Wirtschaftswoche: Herr Carr, Computer und Algorithmen übernehmen immer mehr Aufgaben für uns. Werden wir zu den Sklaven unserer Smartphones?
Nicholas Carr: Wir verlassen uns in vielen Situationen in unserem täglichen Leben zu stark auf Computer. Das zeigt sich besonders deutlich, seitdem wir alle einen Computer in unserer Hosentasche griffbereit mit uns herumschleppen. Wir schätzen den Komfort, die Effizienz und den Zeitvorsprung, den uns neue Technologien zweifellos ermöglichen. Aber wir übersehen dabei oft, was alles auf der Strecke bleibt. Wir lassen den Computer immer mehr Dinge erledigen - bemerken dabei aber nicht, dass wir glücklicher waren, als wir diese Dinge noch selbst gemacht haben.
Zur Person
Nicholas Carr ist ein US-amerikanischer Wirtschaftsjournalist und Bestseller-Autor. Er schreibt für das "New York Times Magazine" und das "Wall Street Journal" über die gesellschaftlichen Auswirkungen, die mit digitalen Technologien einhergehen. Sein Buch "Wer bin ich, wenn ich online bin" wurde in 23 Sprachen übersetzt. Im September 2014 erschien sein jüngstes Werk: Abgehängt. Wo bleibt der Mensch, wenn Computer entscheiden. 19,90 Euro. ISBN 978-3-446-44032-6. Carl Hanser Verlag, München.
Zum Beispiel?
Wenn Sie jahrelang ein Auto mit Gangschaltung gefahren sind und dann auf Automatik wechseln, fühlen Sie sich zunächst total befreit. Ihr linker Fuß muss nicht mehr kuppeln, Ihre rechte Hand klebt nicht mehr ständig am Schaltknüppel. Doch nach einiger Zeit schlägt die Freude, weniger zu tun zu haben, in ein anderes Gefühl um: in Langeweile. Die Koordination von Hand und Fuß mit Gas, Bremse, Kupplung und Schaltknüppel beansprucht uns in genau dem richtigen Ausmaß. Sie überfordert uns nicht, aber sie unterfordert uns auch nicht. Der Glücksforscher Mihály Csíkszentmihályi hat herausgefunden, dass wir nach kaum einer Tätigkeit so dankbar und glücklich sind wie nach dem Autofahren.

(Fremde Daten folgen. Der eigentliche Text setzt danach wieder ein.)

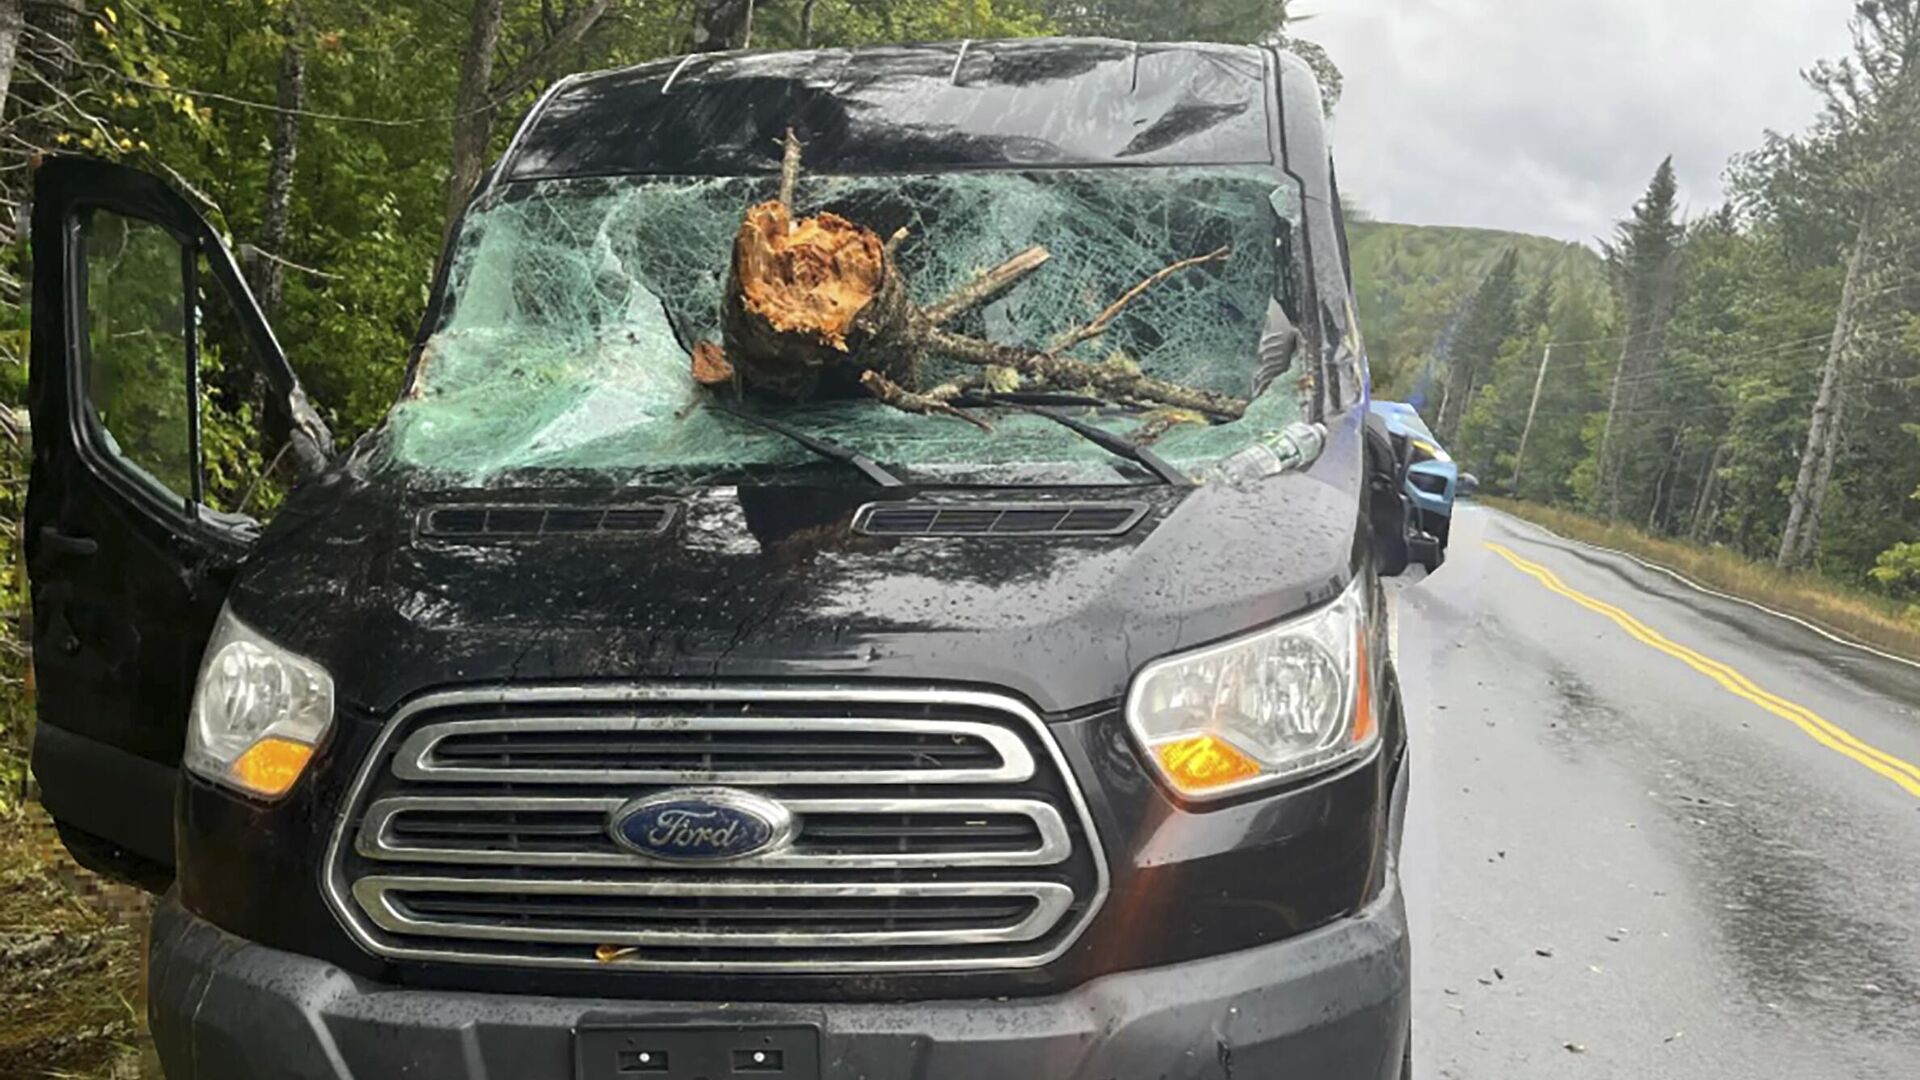 This image provided by Maine State Police shows the vehicle of an Ohio driver who suffered minor injuries Saturday, Sept. 16 2023 after tree downed by the remnants of tropical storm Lee went through his windshield on Route 11 in Moro Plantation, Maine, according to Maine State Police. John Yoder, 23, of Apple Creek, Ohio attempted to stop but couldn’t avoid the tree. Yoder suffered minor cuts but the other five passengers in the van were not injured. Police blamed high winds for the downed tree.  - Sputnik International, 1920, 18.09.2023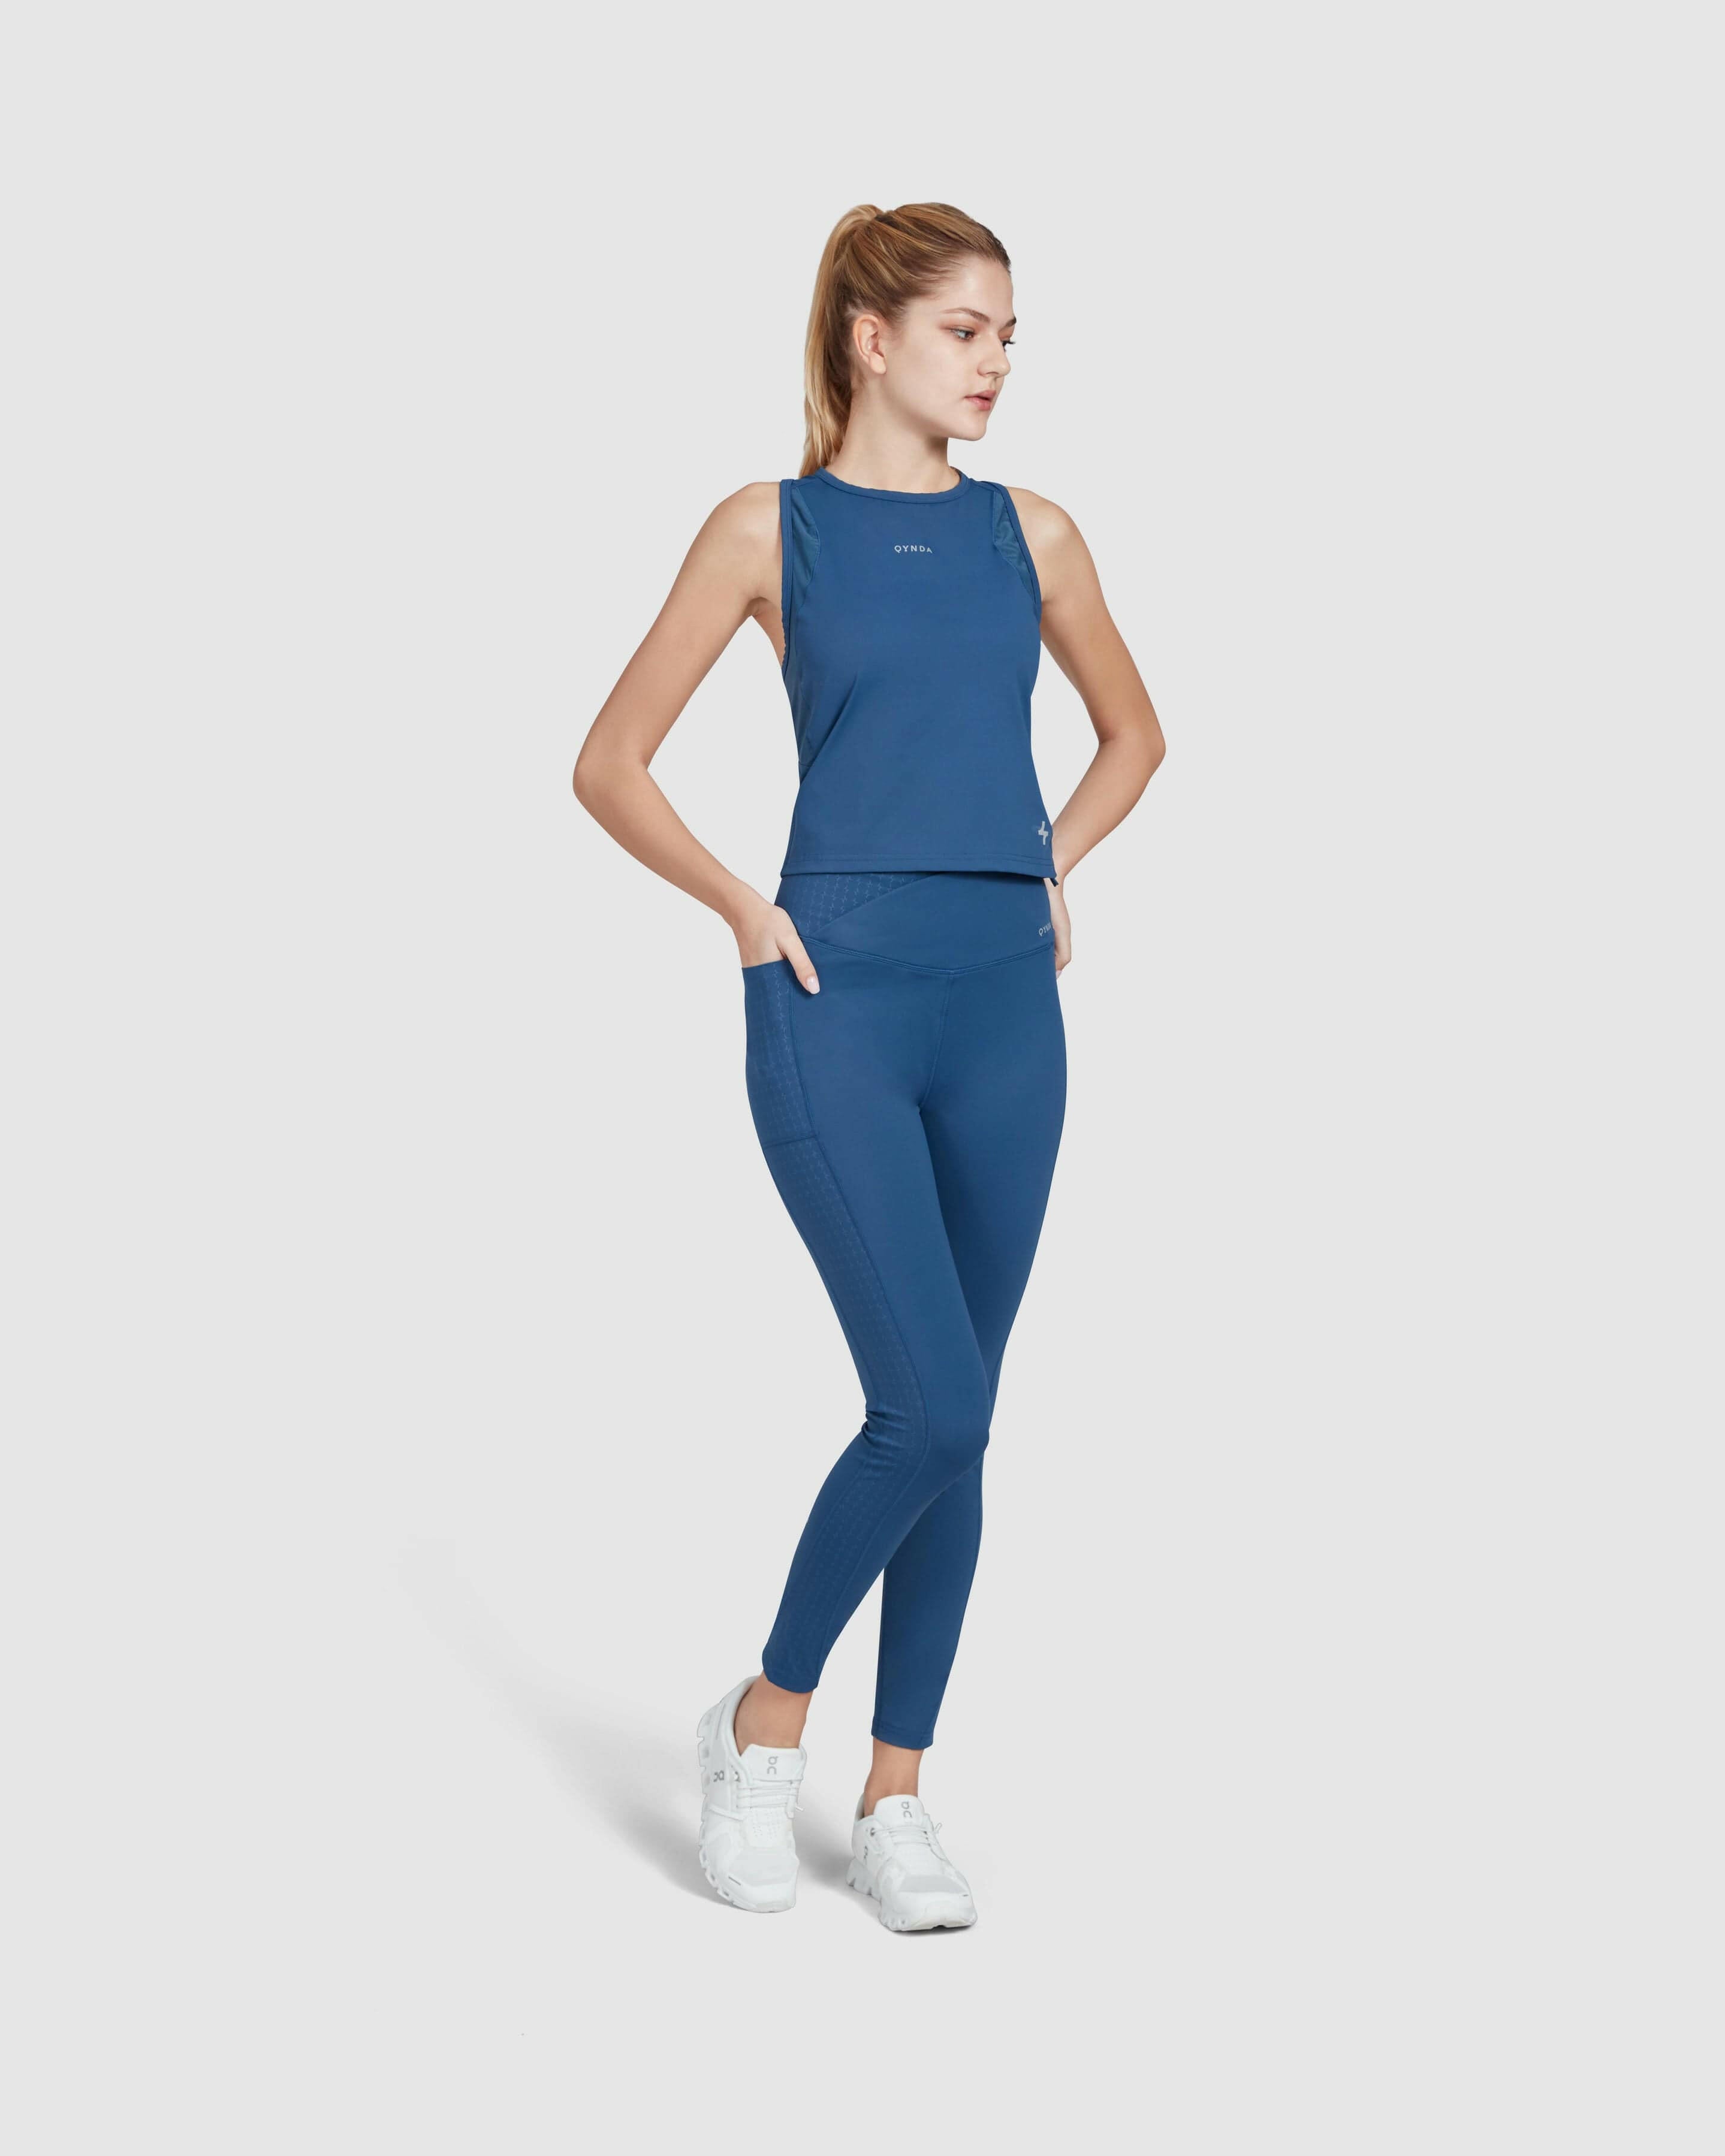 A model stands confidently, modeling Dark Denim color and matching Modest LADINA LEGGINGS from QYNDA, complemented by white sneakers, against a clean white background.

Ich bin sehr froh, dass es Leute gibt, die an Autos arbeiten, die ohne menschliche Hilfe fahren können. Aber ich glaube nicht, dass es im menschlichen Leben ausschließlich um Sicherheit geht. Die meisten von uns sind lieber Fahrer als Passagier. Noch dazu sind wir weit davon entfernt, dass autonome Fahrzeuge in allen denkbaren Situationen reibungslos funktionieren. Für eine lange Zeit werden wir weiterhin Menschen in den Fahrprozess einbinden müssen – zumindest als Rückversicherung, um zur Not eingreifen zu können. Wir müssen wachsam bleiben und versuchen mit unserer Aufmerksamkeit nicht zu sehr abzuschweifen, sonst versagen wir, wenn wir wirklich gebraucht werden – wenn die Maschine plötzlich ausfällt.





Wiegen uns Computer in ein falsches Gefühl von Sicherheit?
Ja, in unserem Streben nach Sicherheit und Effizienz gehen wir womöglich zu weit. Die US-amerikanische Luftfahrtbehörde FAA hat vergangenes Jahr einen Report veröffentlicht, der nahelegt, dass unsere Piloten nicht mehr genug Erfahrung im manuellen Fliegen haben. Sie verlassen sich so sehr auf die Computer und Bordinstrumente, dass sie ihre eigenen Flugfähigkeiten und Instinkte verlieren. Wenn wir die Verantwortung für das Flugzeug und die Passagiere wieder stärker auf die Piloten anstatt auf die Computer verlagern, würden wir vielleicht sicherer fliegen, als dies jetzt der Fall ist.
Heute gibt es weit weniger Flugzeugabstürze als noch vor 15 oder 20 Jahren. Technologische Errungenschaften haben dazu doch wesentlich beigetragen.
Absolut. Die Automatisierung in der Luftfahrt ist eine Erfolgsgeschichte. Aber im Laufe der vergangenen 100 Jahre Fluggeschichte haben wir die Arbeit Stück für Stück vom Mensch zur Maschine verlagert. Und heute sehen wir, dass wir vielleicht einen Schritt zu weit gegangen sind. Selbst wenn Automation prinzipiell begrüßenswert ist, heißt das ja nicht gleich, dass jede weitere Automatisierung auch hilfreich ist. Ab einem bestimmten Punkt ziehen wir die menschliche Expertise zu stark zurück und machen die Dinge dadurch unsicherer als zuvor.